## Material for this exercise:

==*==

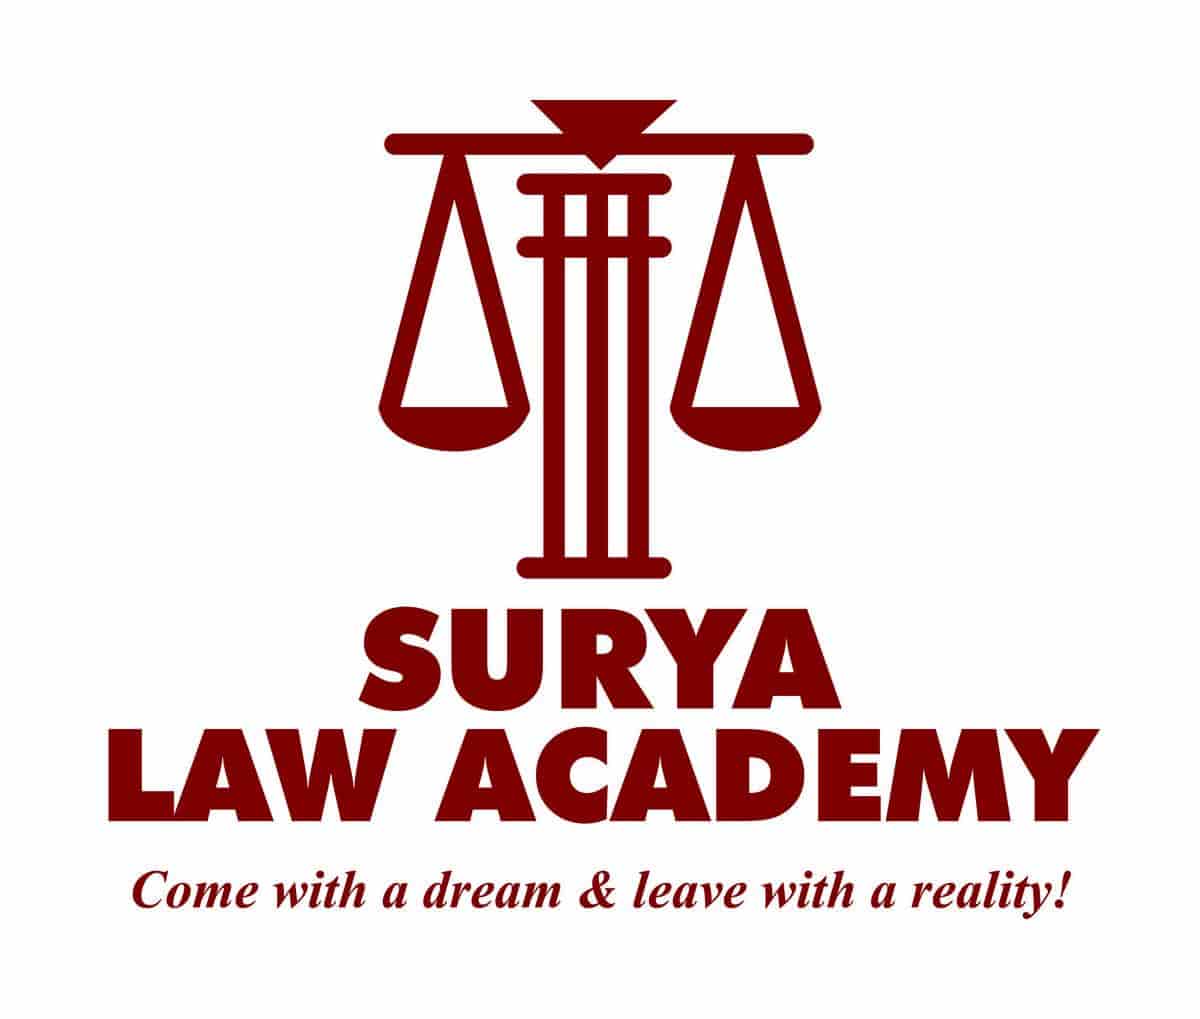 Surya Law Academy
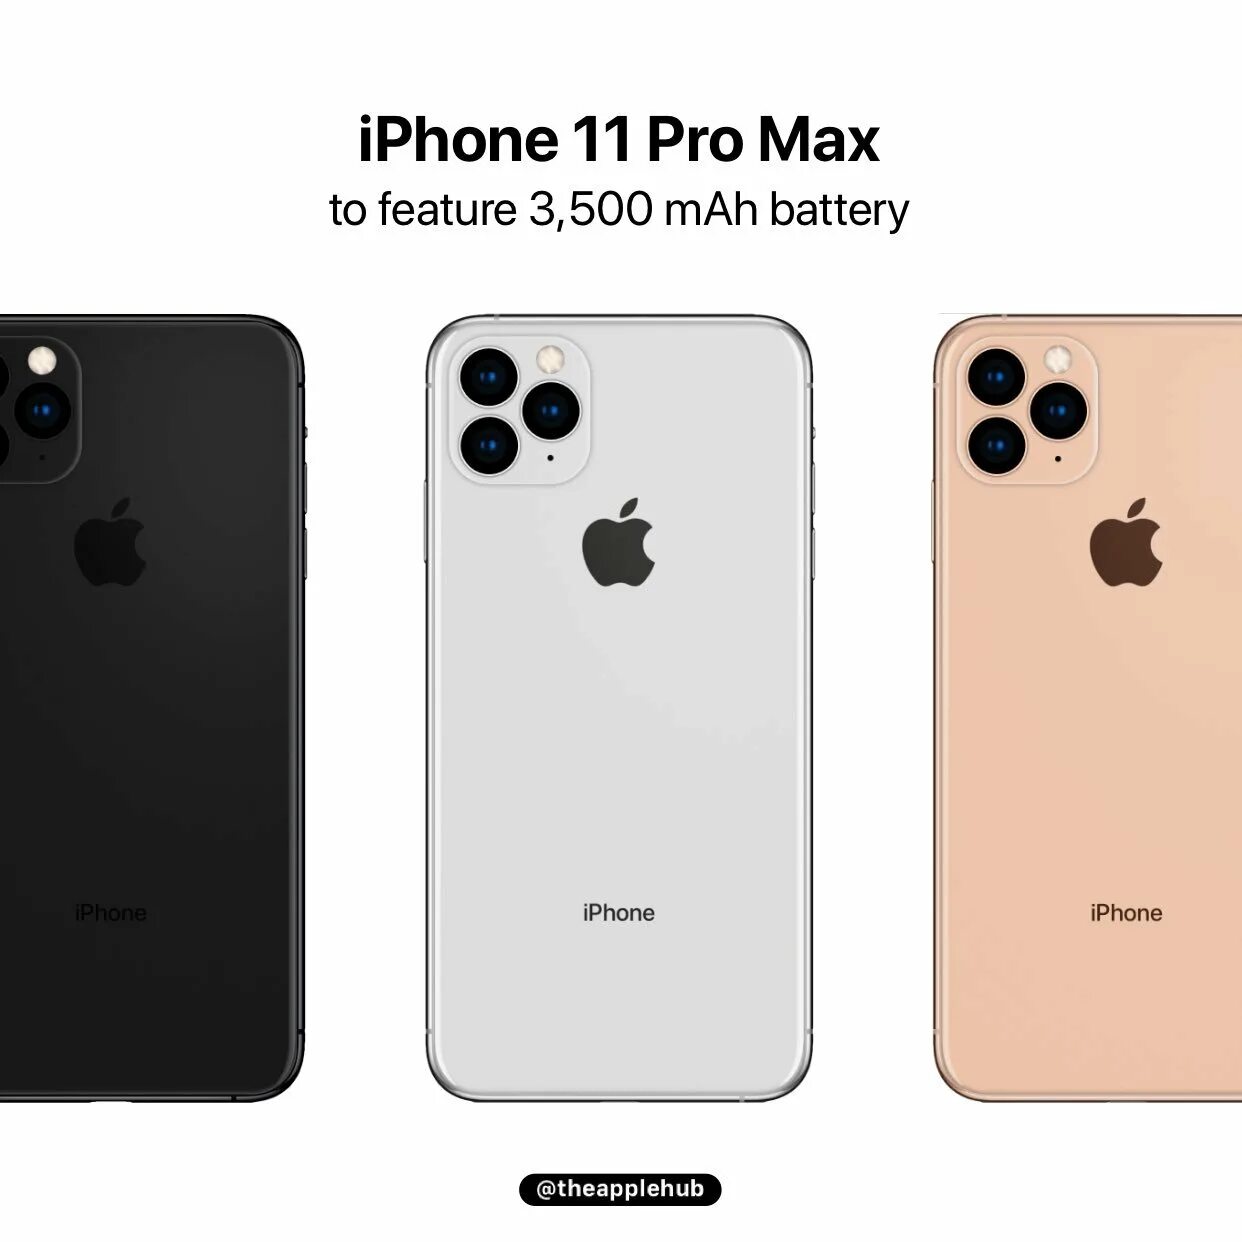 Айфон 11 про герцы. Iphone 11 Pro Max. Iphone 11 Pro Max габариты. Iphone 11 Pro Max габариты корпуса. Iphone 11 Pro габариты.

==*==

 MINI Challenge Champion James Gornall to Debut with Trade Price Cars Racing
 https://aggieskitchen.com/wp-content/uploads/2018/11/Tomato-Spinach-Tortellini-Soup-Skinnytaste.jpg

==*==

Give back exactly the lines of the listing above from the one that contains "Surya Law Academy" up to and including the one that contains "Айфон 11 про", but not the pictures, and no other lines.

 Surya Law Academy
 Айфон 11 про герцы. Iphone 11 Pro Max. Iphone 11 Pro Max габариты. Iphone 11 Pro Max габариты корпуса. Iphone 11 Pro габариты.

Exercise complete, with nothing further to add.